■ **What the exercise asks**
When you reach the line with "Carla Nuis, Unfurl" in the listing below, write out that line and every one after it exactly, and skip the pictures.

■ **Given data**
= = = =

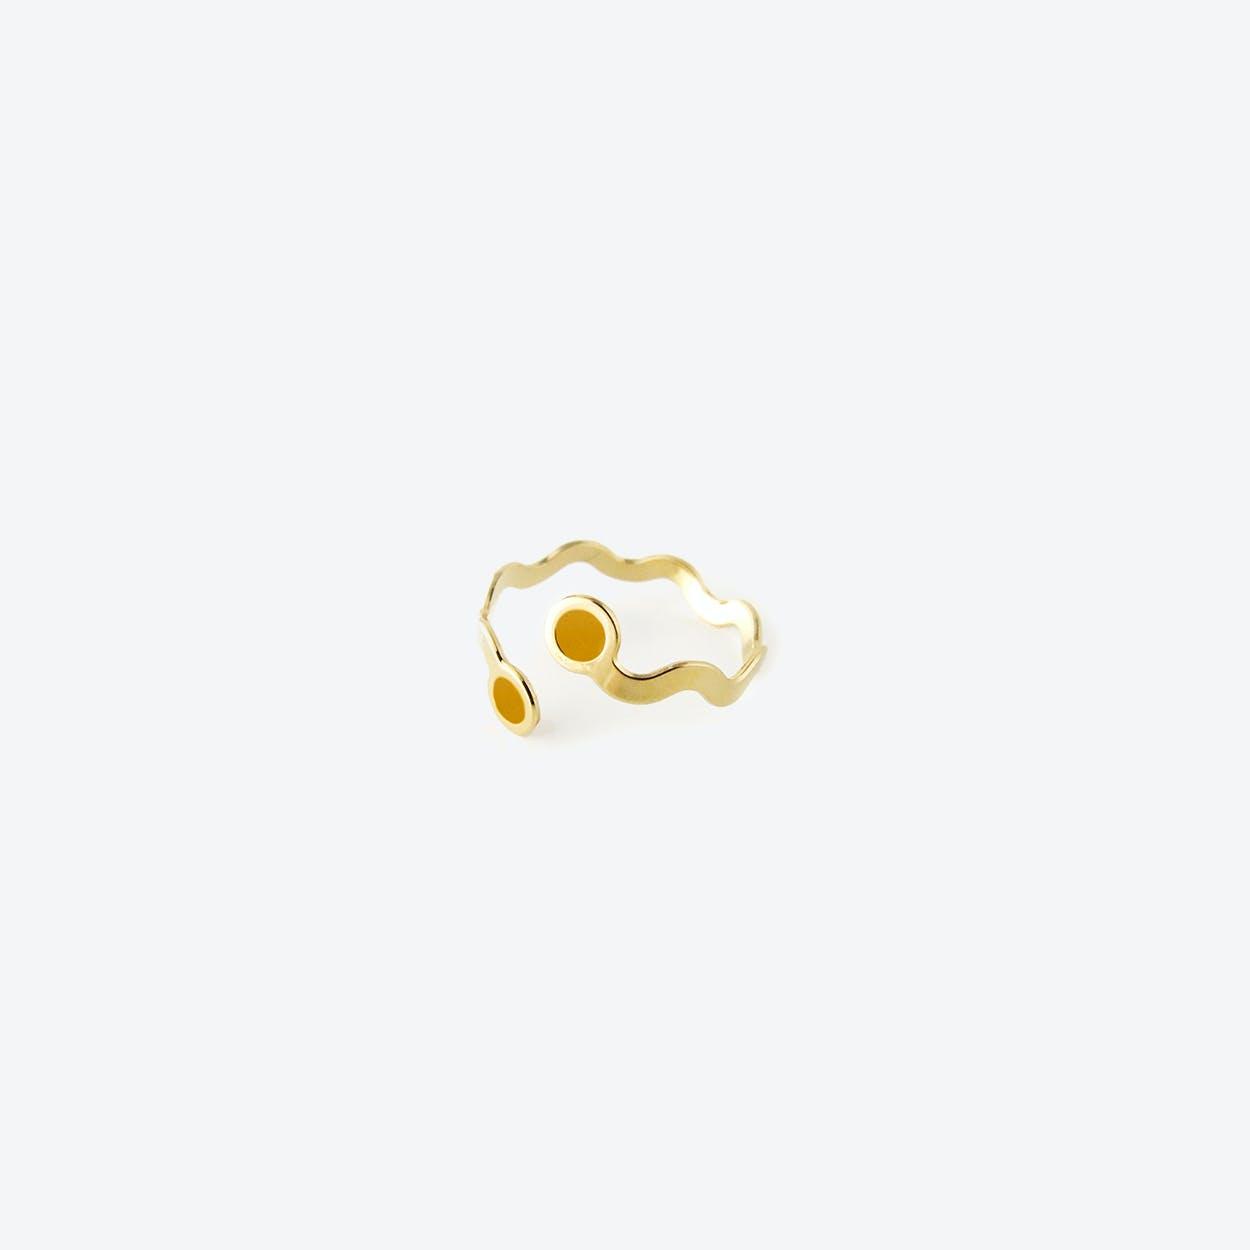 Wavy Gold Ring - Saffron
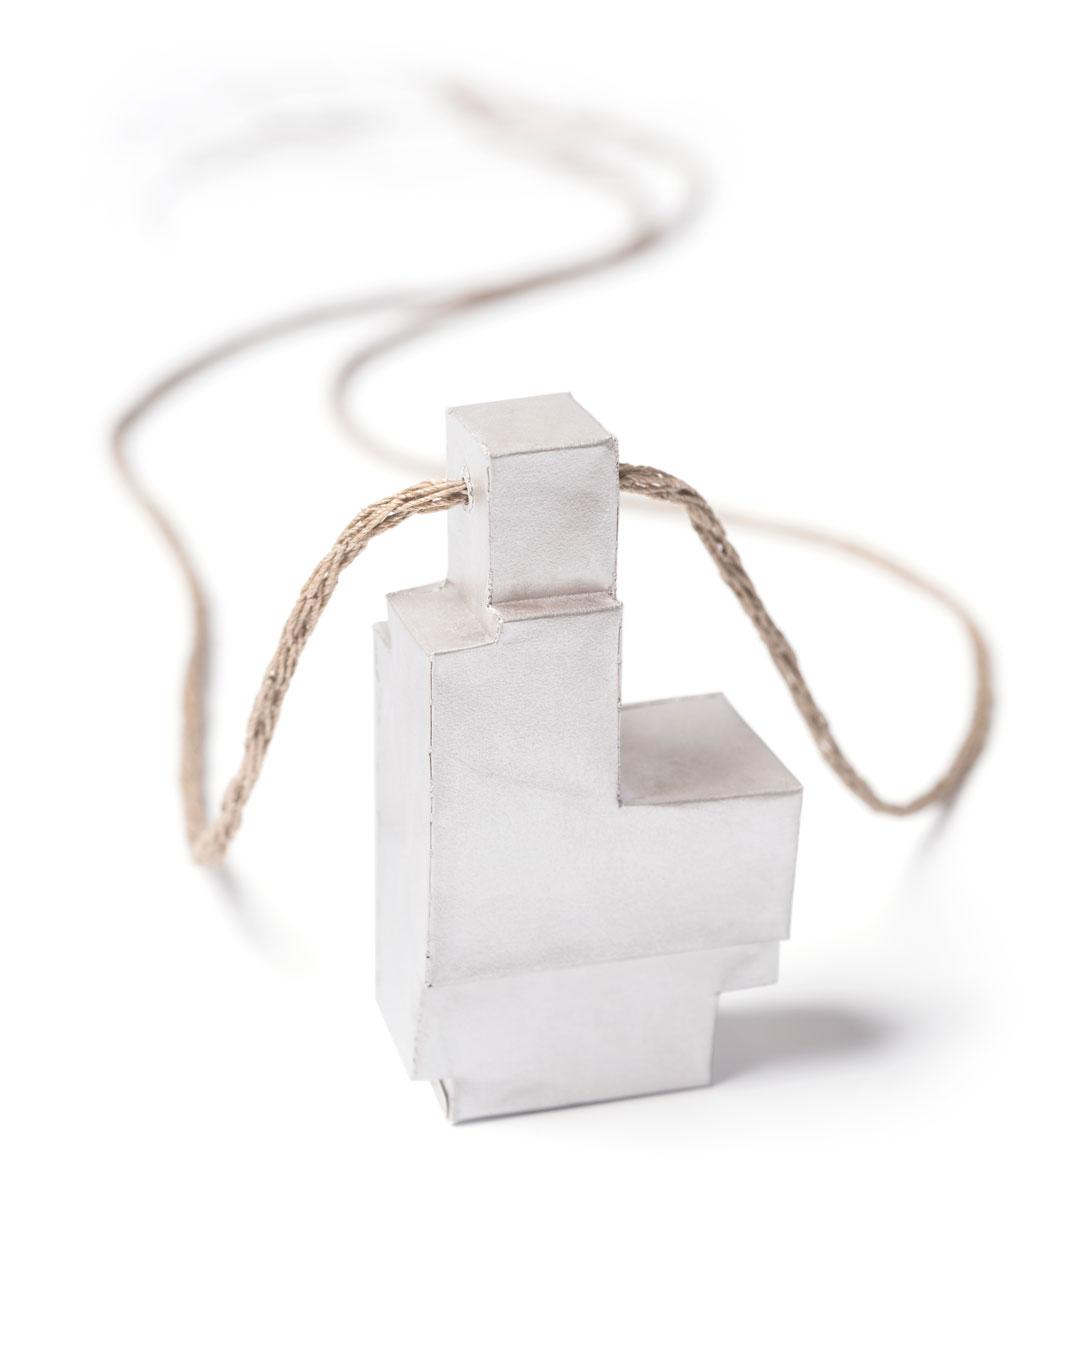 Carla Nuis, Unfurl 3, 2018, pendant; fine silver, linen, 57 x 30 x 17 mm, €710
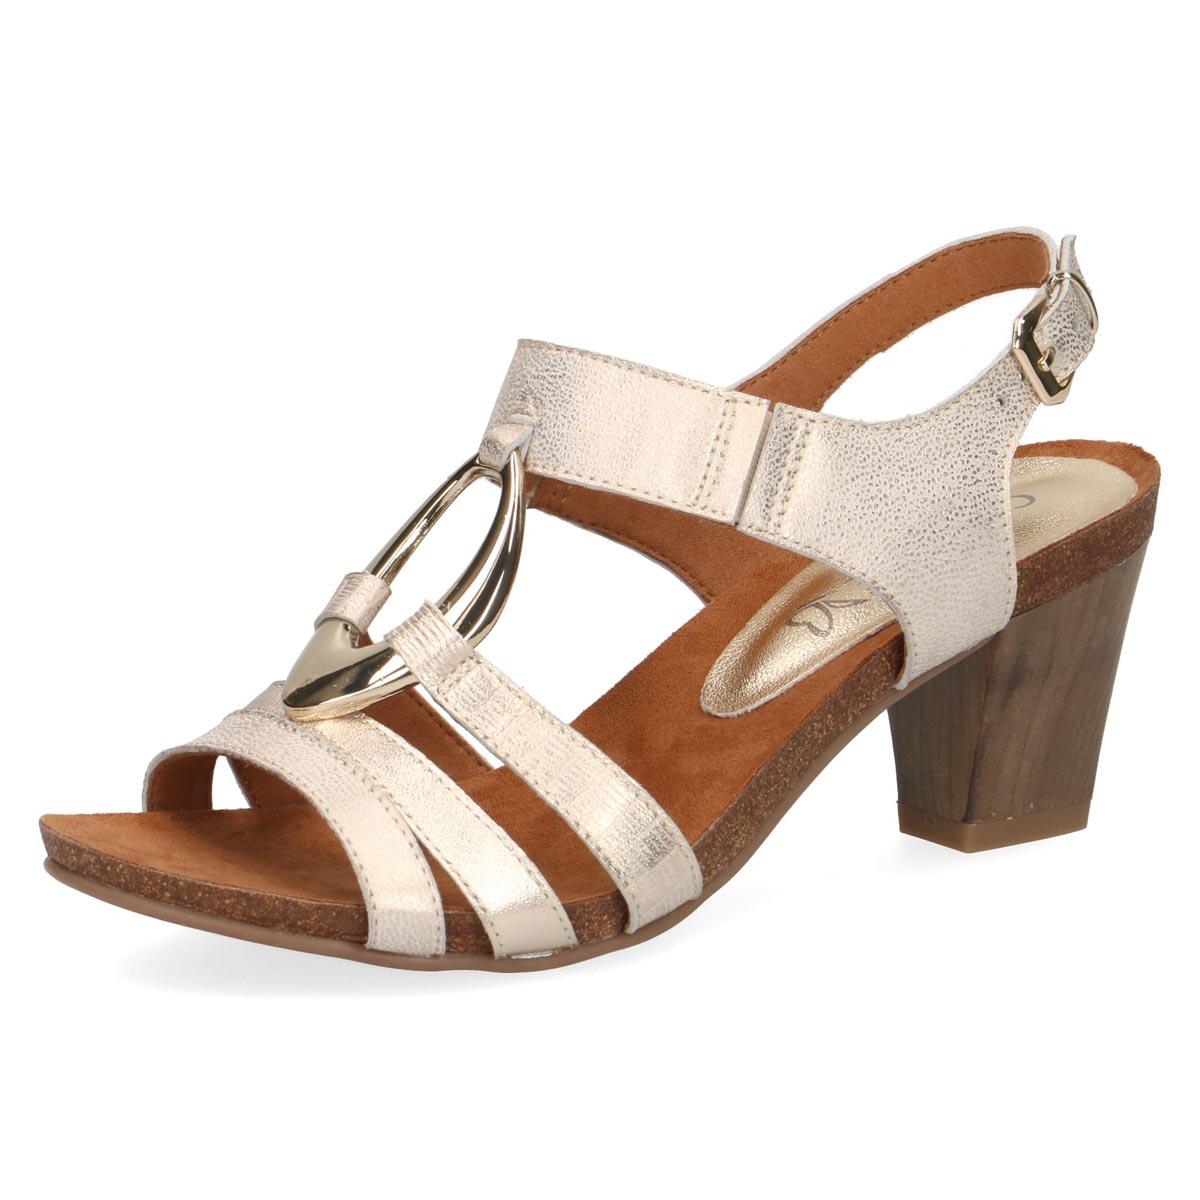 Verena - Caprice Gold Summer Sandal
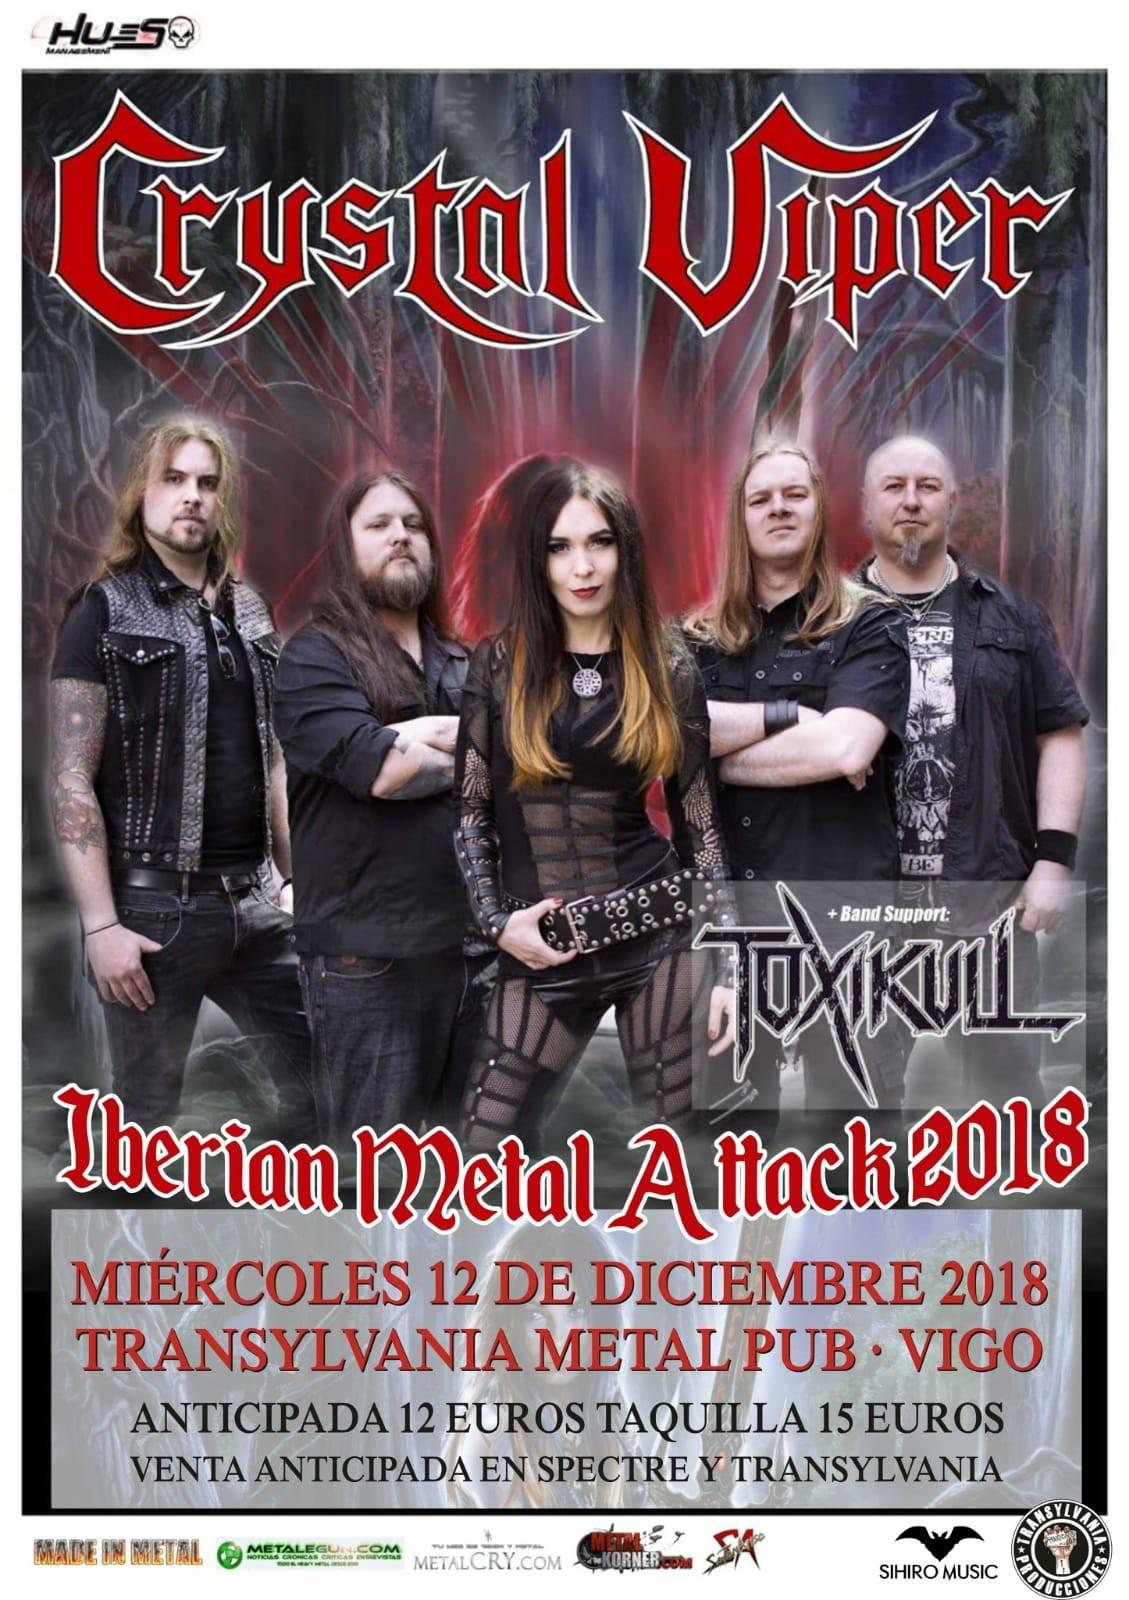 CRYSTAL VIPER + Toxikull (Vigo)

= = = =

■ **Answer space**
 Carla Nuis, Unfurl 3, 2018, pendant; fine silver, linen, 57 x 30 x 17 mm, €710
 Verena - Caprice Gold Summer Sandal
 CRYSTAL VIPER + Toxikull (Vigo)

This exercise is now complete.